## Data segment
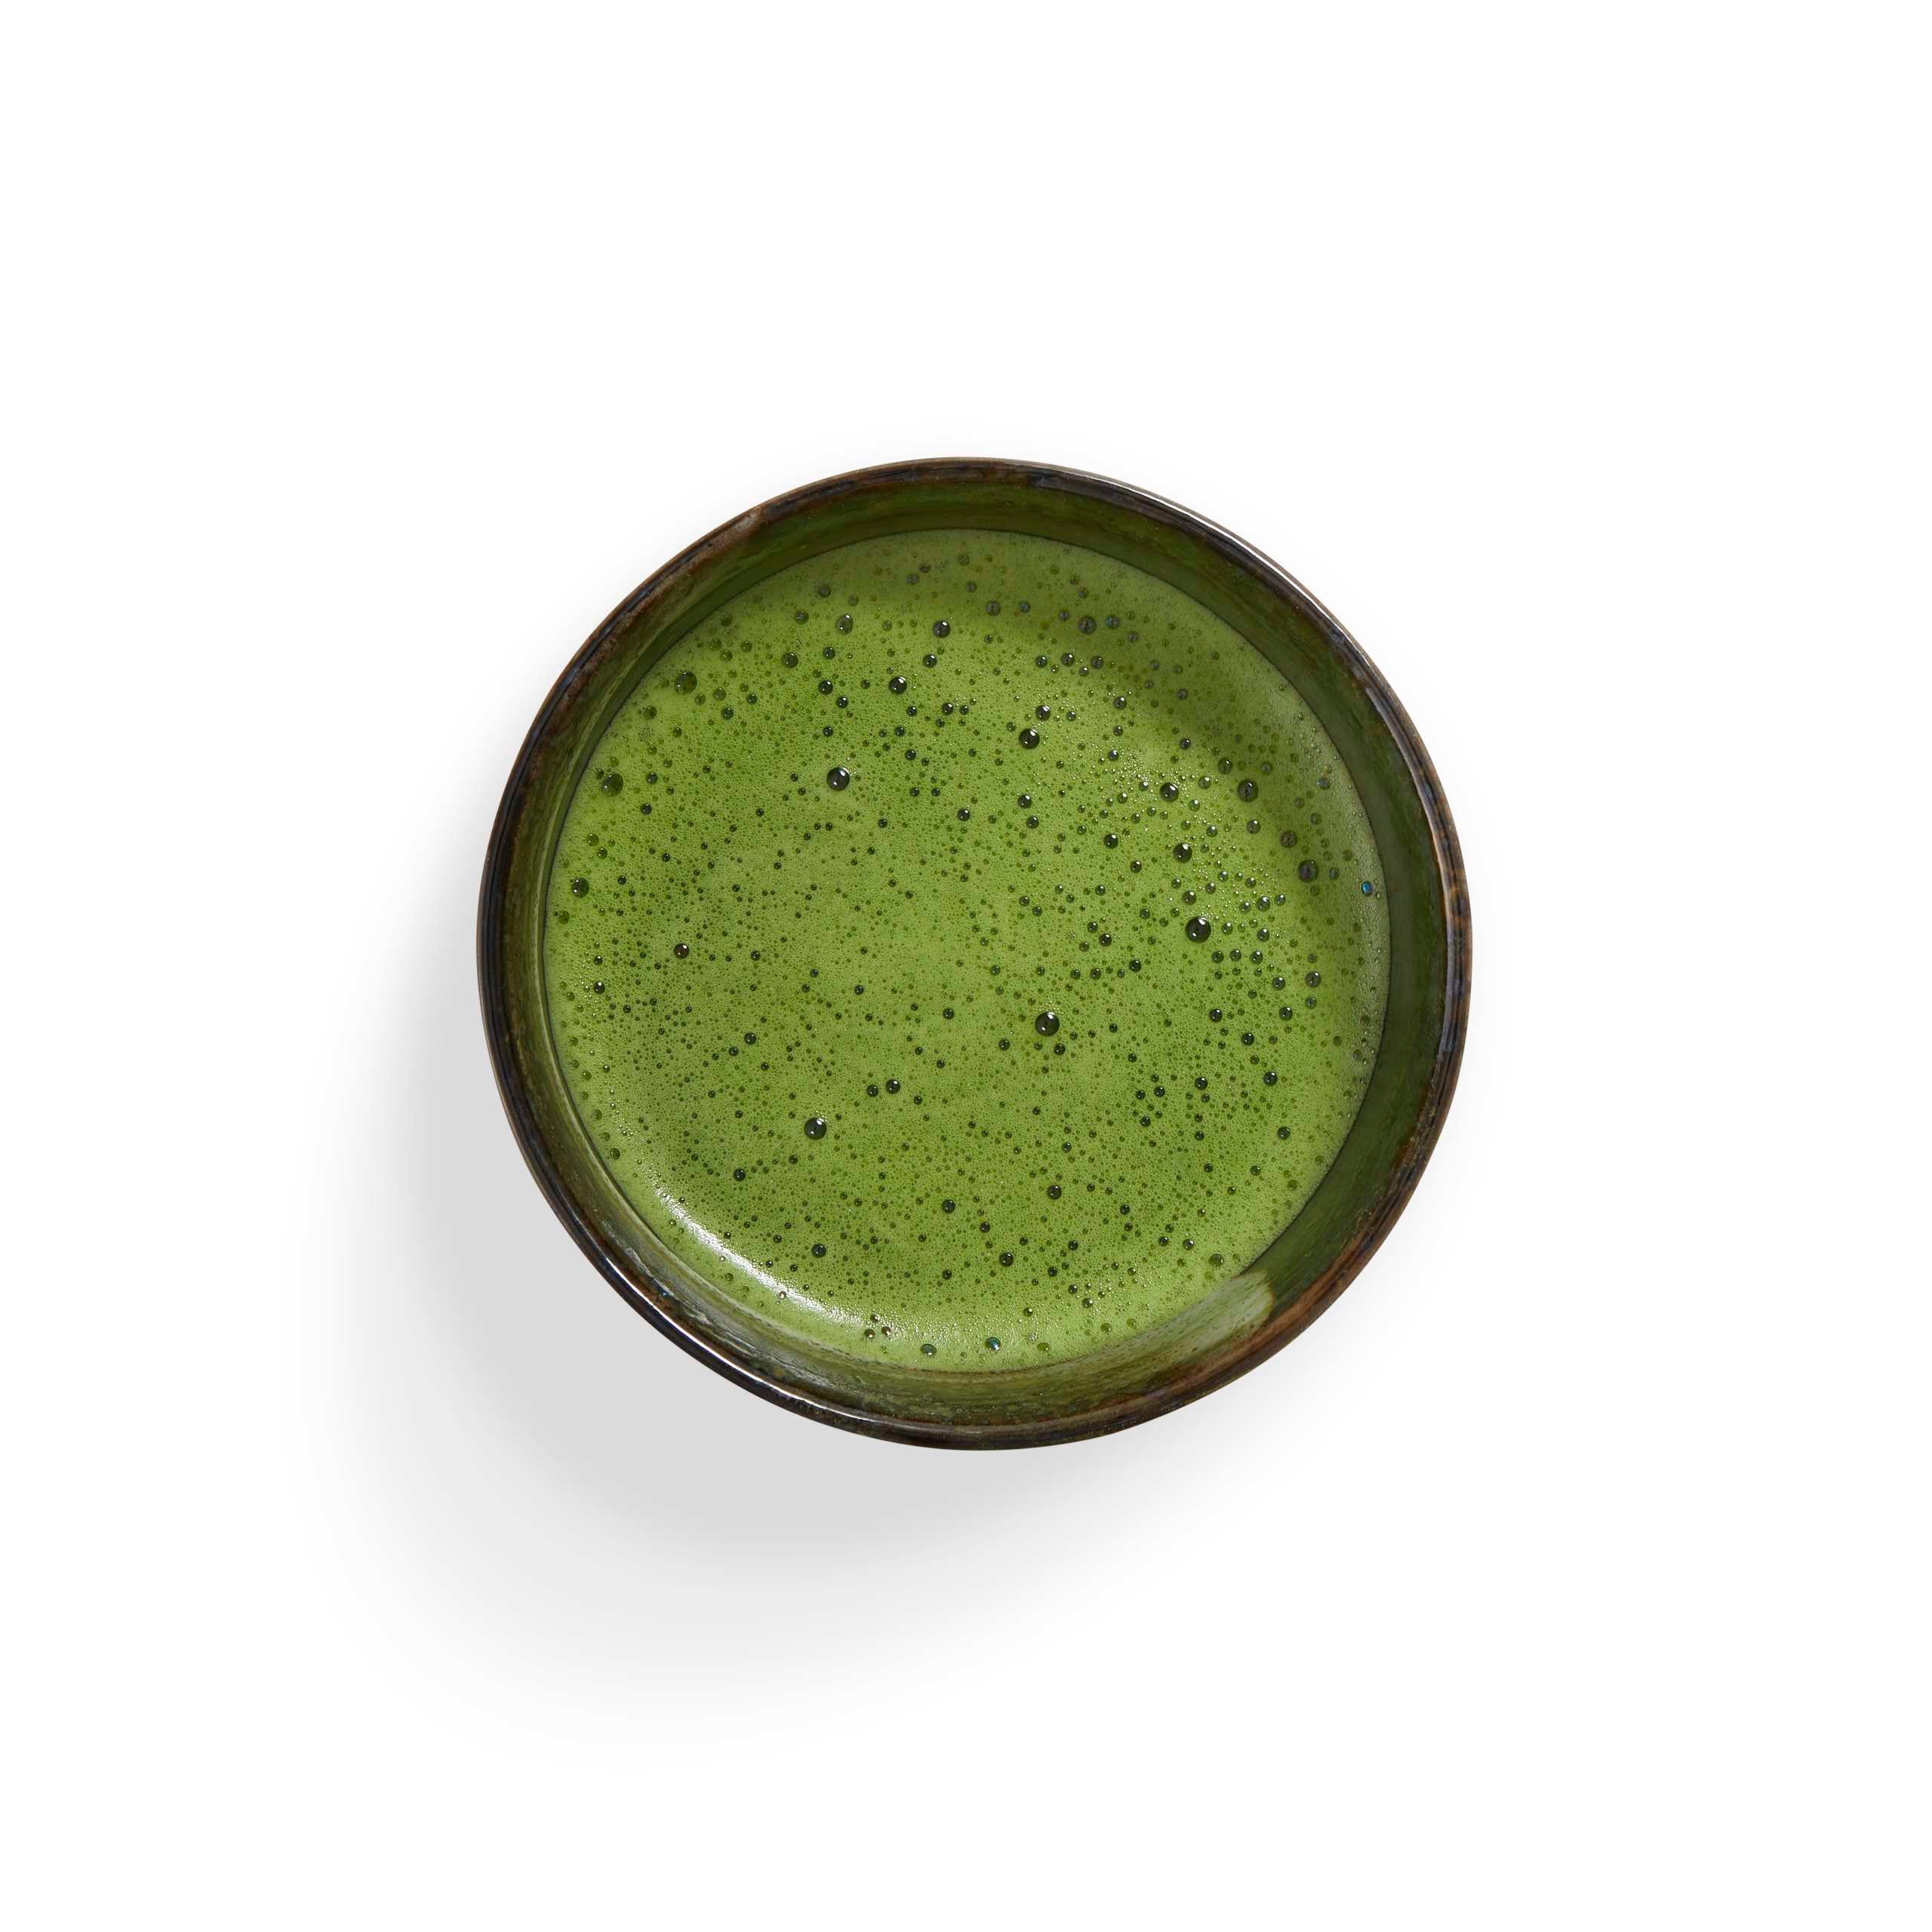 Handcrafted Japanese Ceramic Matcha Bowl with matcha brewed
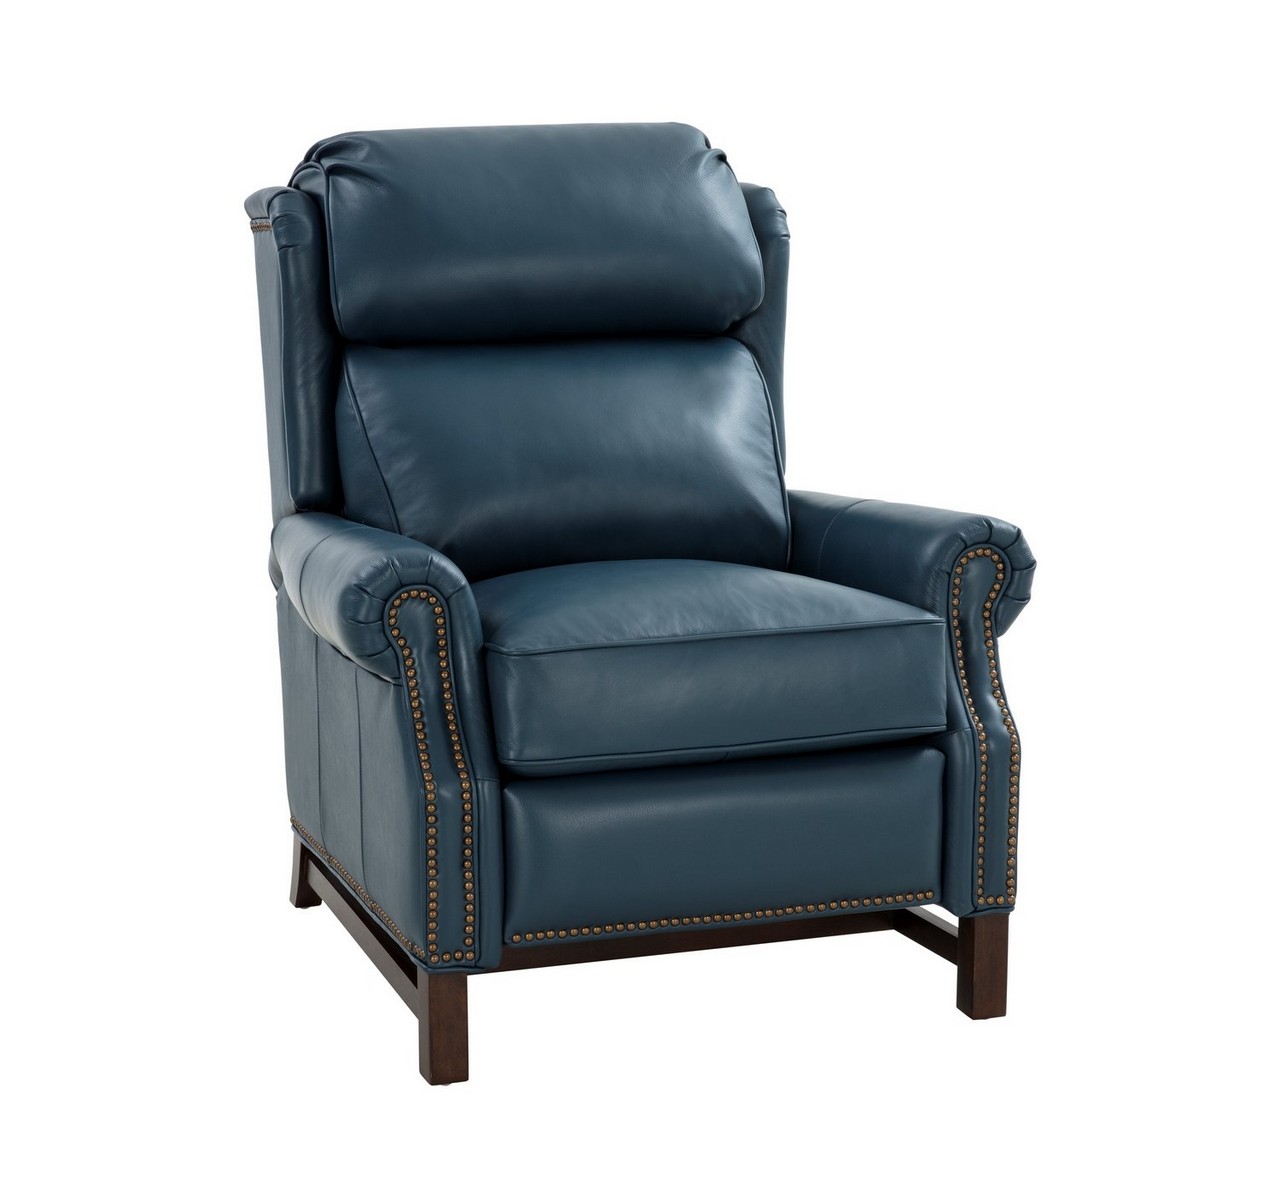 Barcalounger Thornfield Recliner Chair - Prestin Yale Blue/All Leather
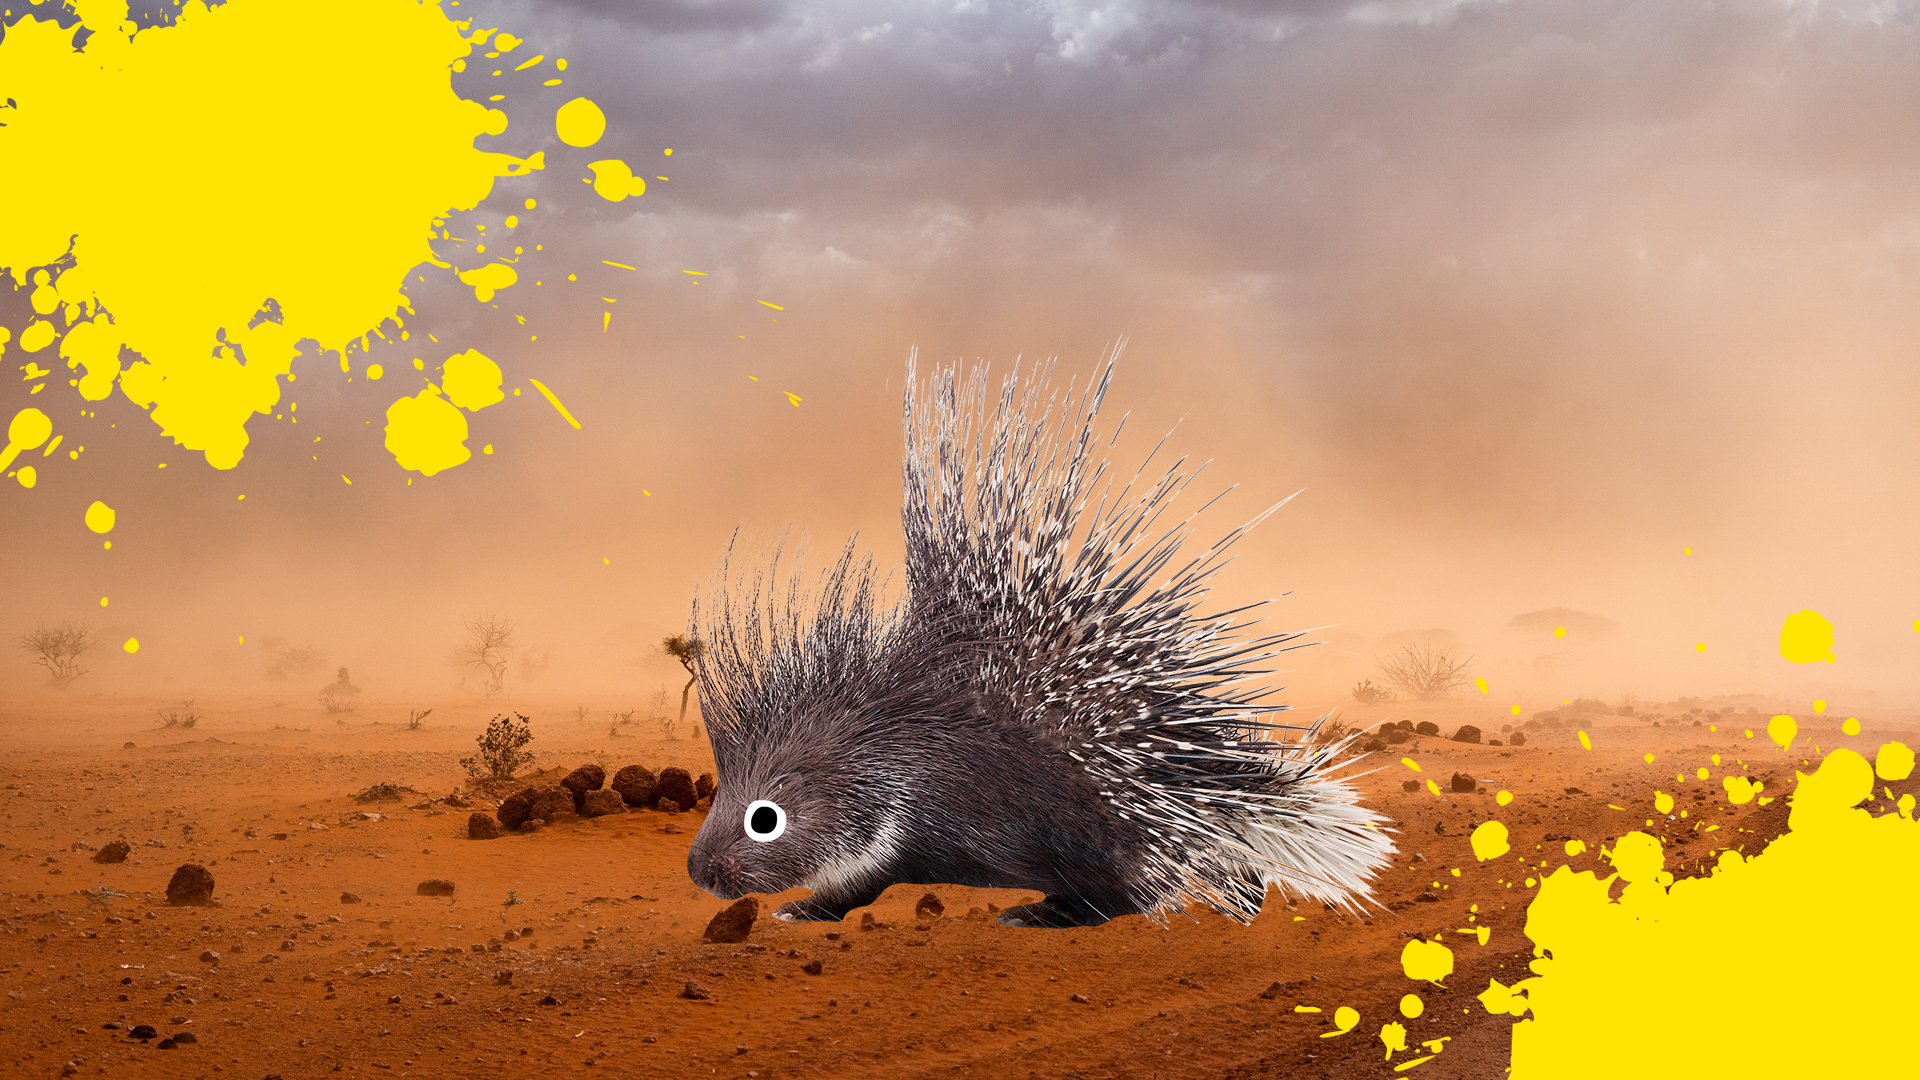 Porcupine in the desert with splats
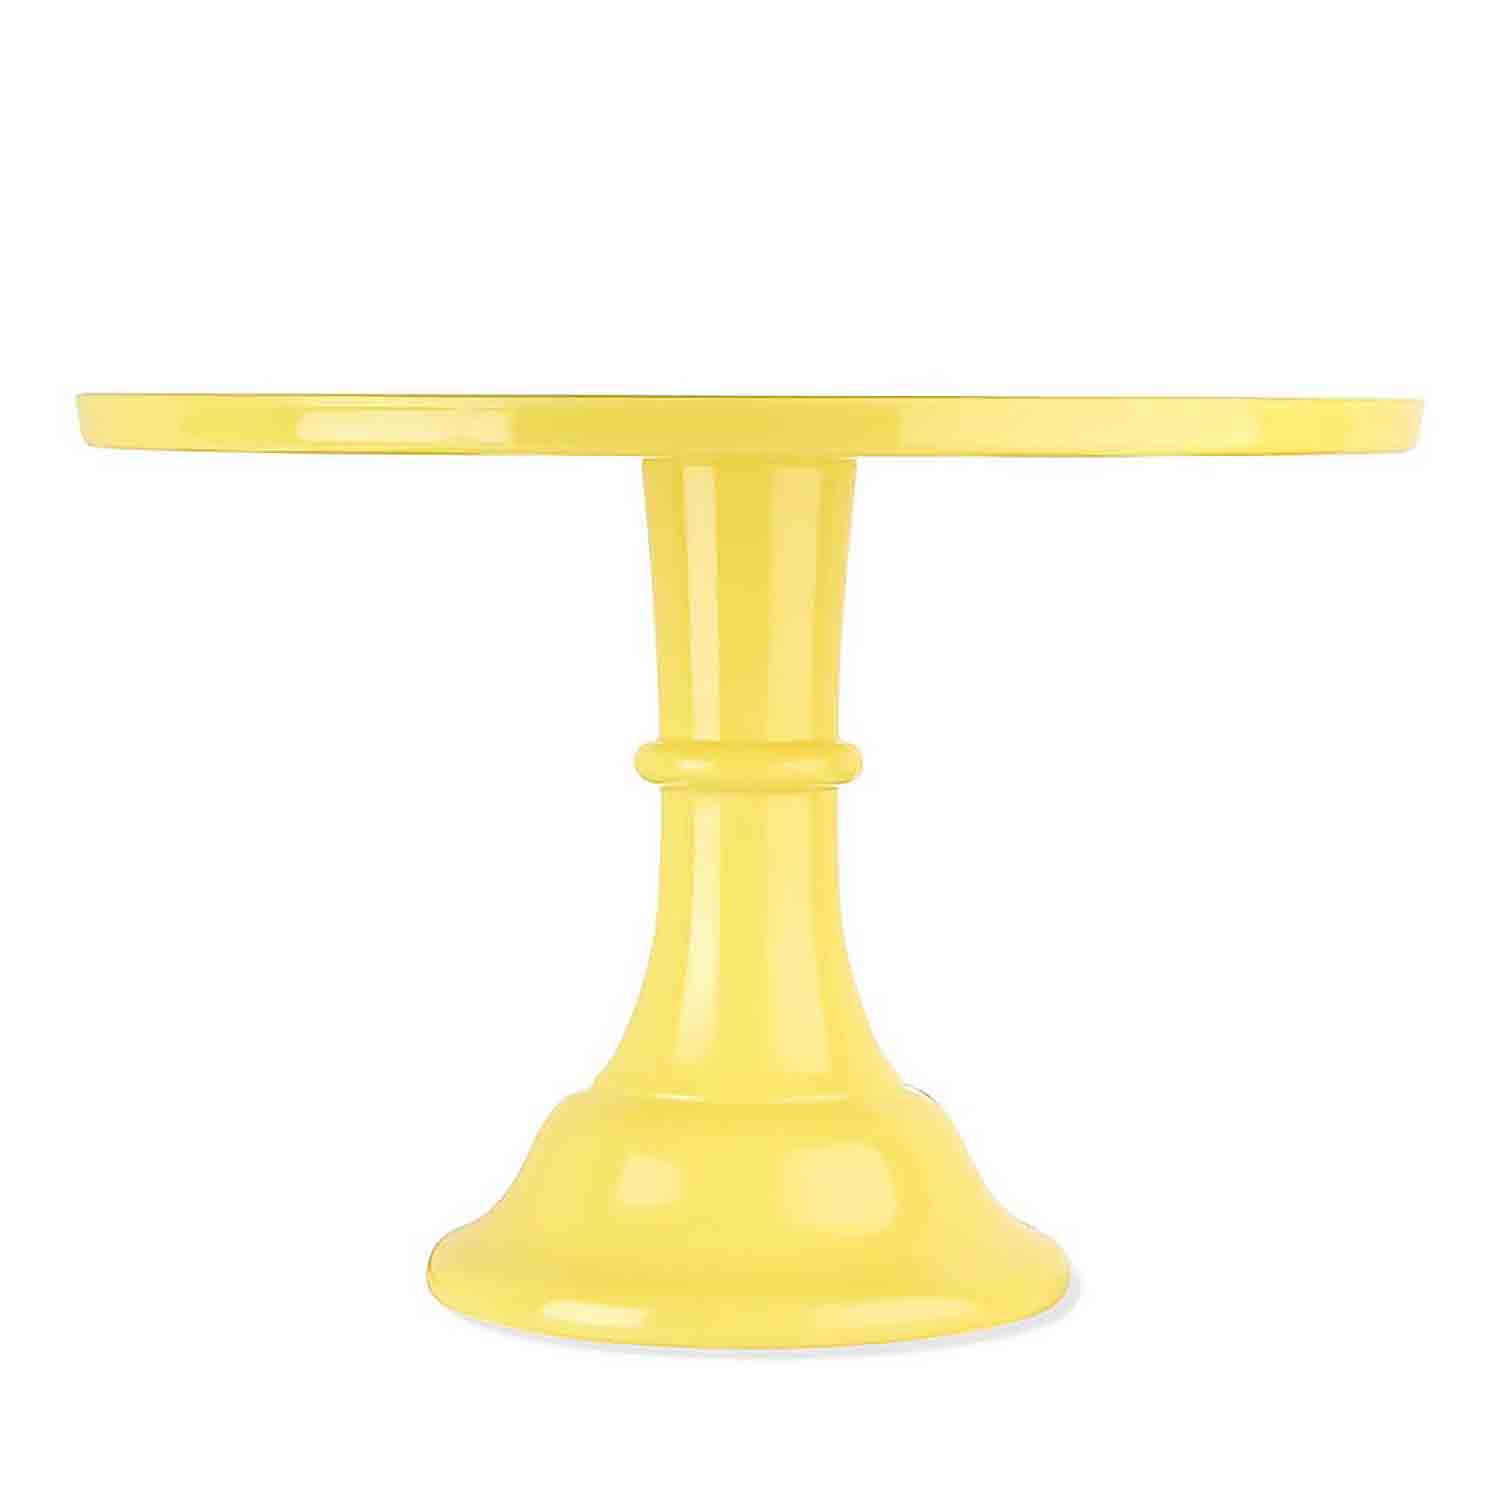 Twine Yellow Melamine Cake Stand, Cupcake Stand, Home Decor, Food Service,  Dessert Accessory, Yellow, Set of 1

## Task to carry out
Take the line containing "Barcalounger Thornfield Recliner" through the last line of the material and retype exactly those lines, both ends included, with no pictures.

## Written answer
 Barcalounger Thornfield Recliner Chair - Prestin Yale Blue/All Leather
 Porcupine in the desert with splats
 Twine Yellow Melamine Cake Stand, Cupcake Stand, Home Decor, Food Service,  Dessert Accessory, Yellow, Set of 1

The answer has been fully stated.